American newspaper designs of the 50s and 60s were an important influence for Fabian and Pascal, in terms of typography and composition. “Jonas had published a column called Movie Journal in the Village Voice for many, many years and the book also contains quite a few of his articles. Also we wanted to keep the personal and more intimate character and look of the original manuscript and decided to ask Jonas to write all the titles by hand.”

The body text is set in Corona and the headlines in Franklin Gothic, providing a distinctive contrast between the white pages and heavy black copy. The typography used on the cover is different to what’s inside the book and other nuances in the book can be seen in the different layouts for the texts. “The layout of conversations alludes to the form of a movie script, previously published texts like reviews or essays are set in two columns and more introverted texts like diary entries are set in one column,” explain Fabian and Pascal. 
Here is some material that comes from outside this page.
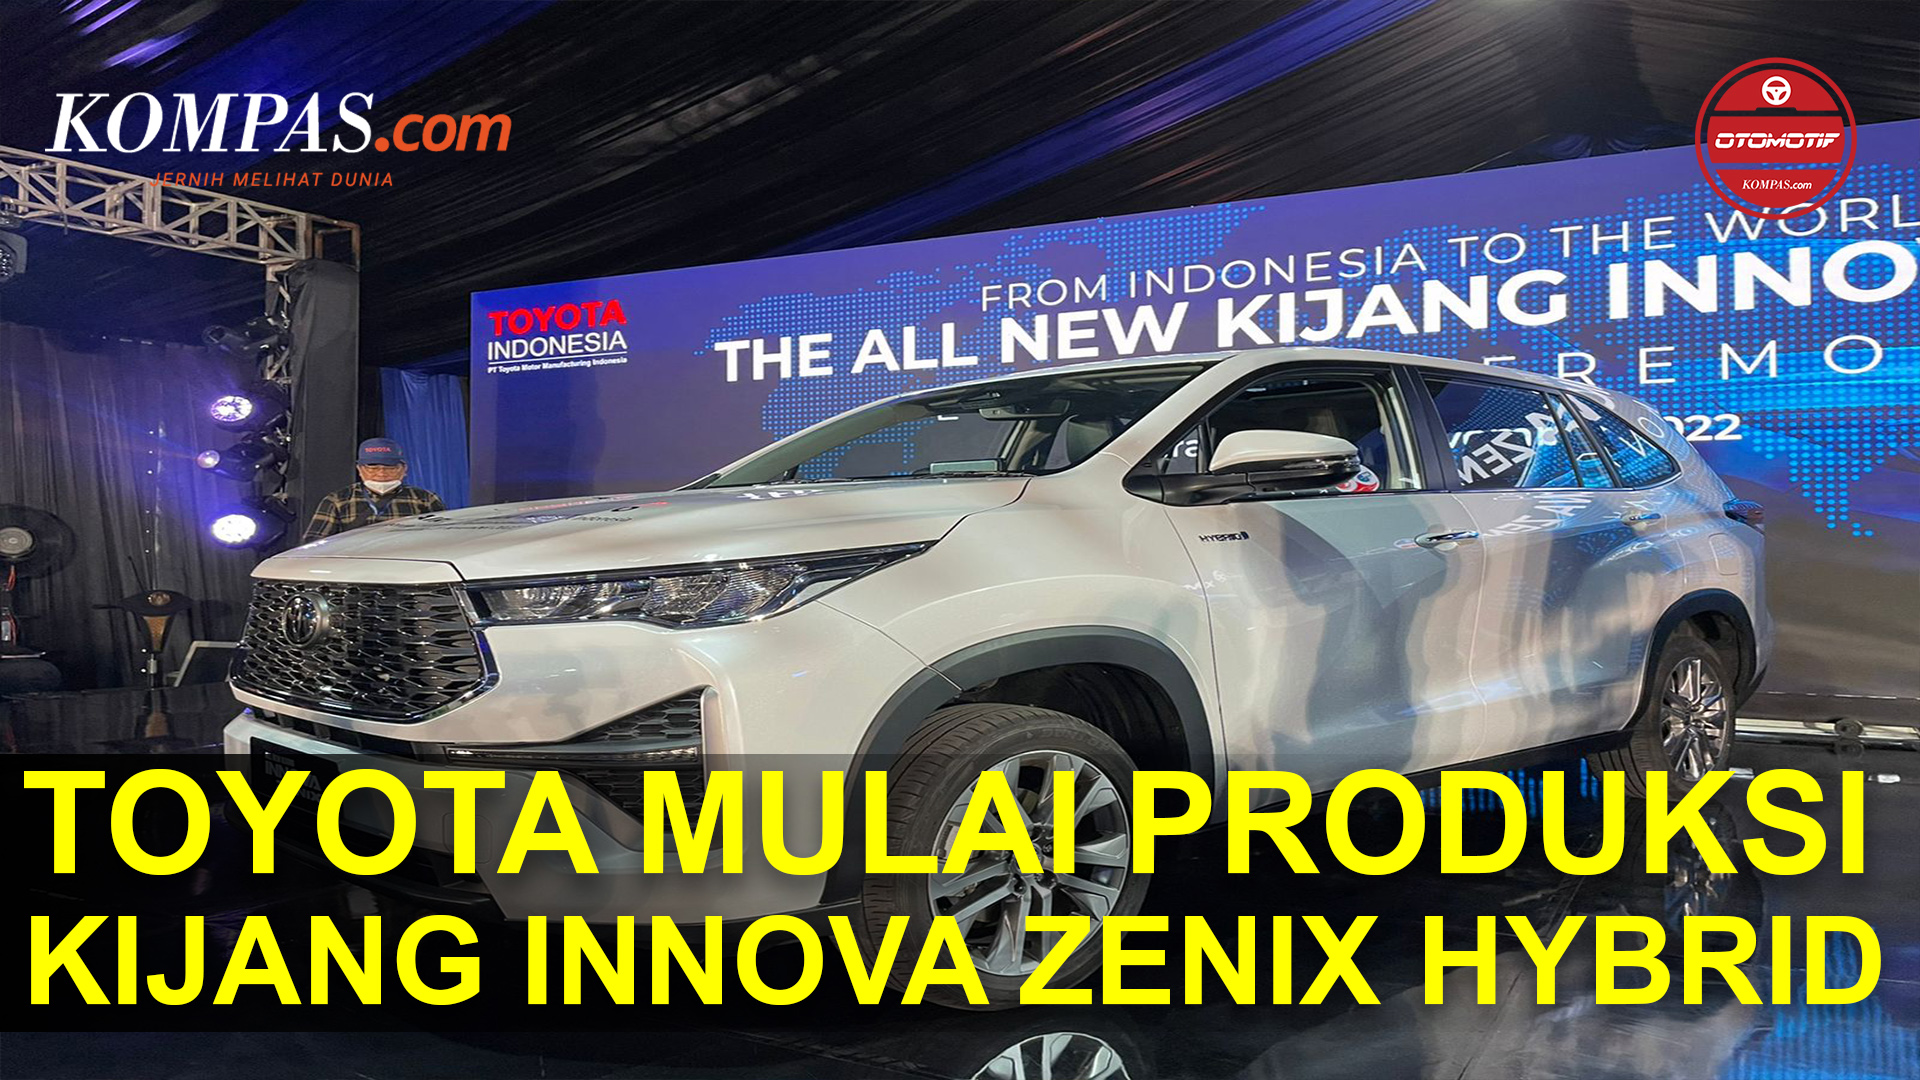 Toyota Mulai Produksi Kijang Innova Zenix Hybrid

The key aesthetic for the monochrome tome book is that it retains that scrapbook feel, and looks like curated collage of materials. “We wanted to keep the book dense and without too much of a hierarchy, we decided to design it as one continuous stream, which seemed really fitting with Jonas’ approach to filmmaking and his restless and driven character.” This is echoed with text and images layered on top of each other with ease like “photographs inserted into a notebook”. 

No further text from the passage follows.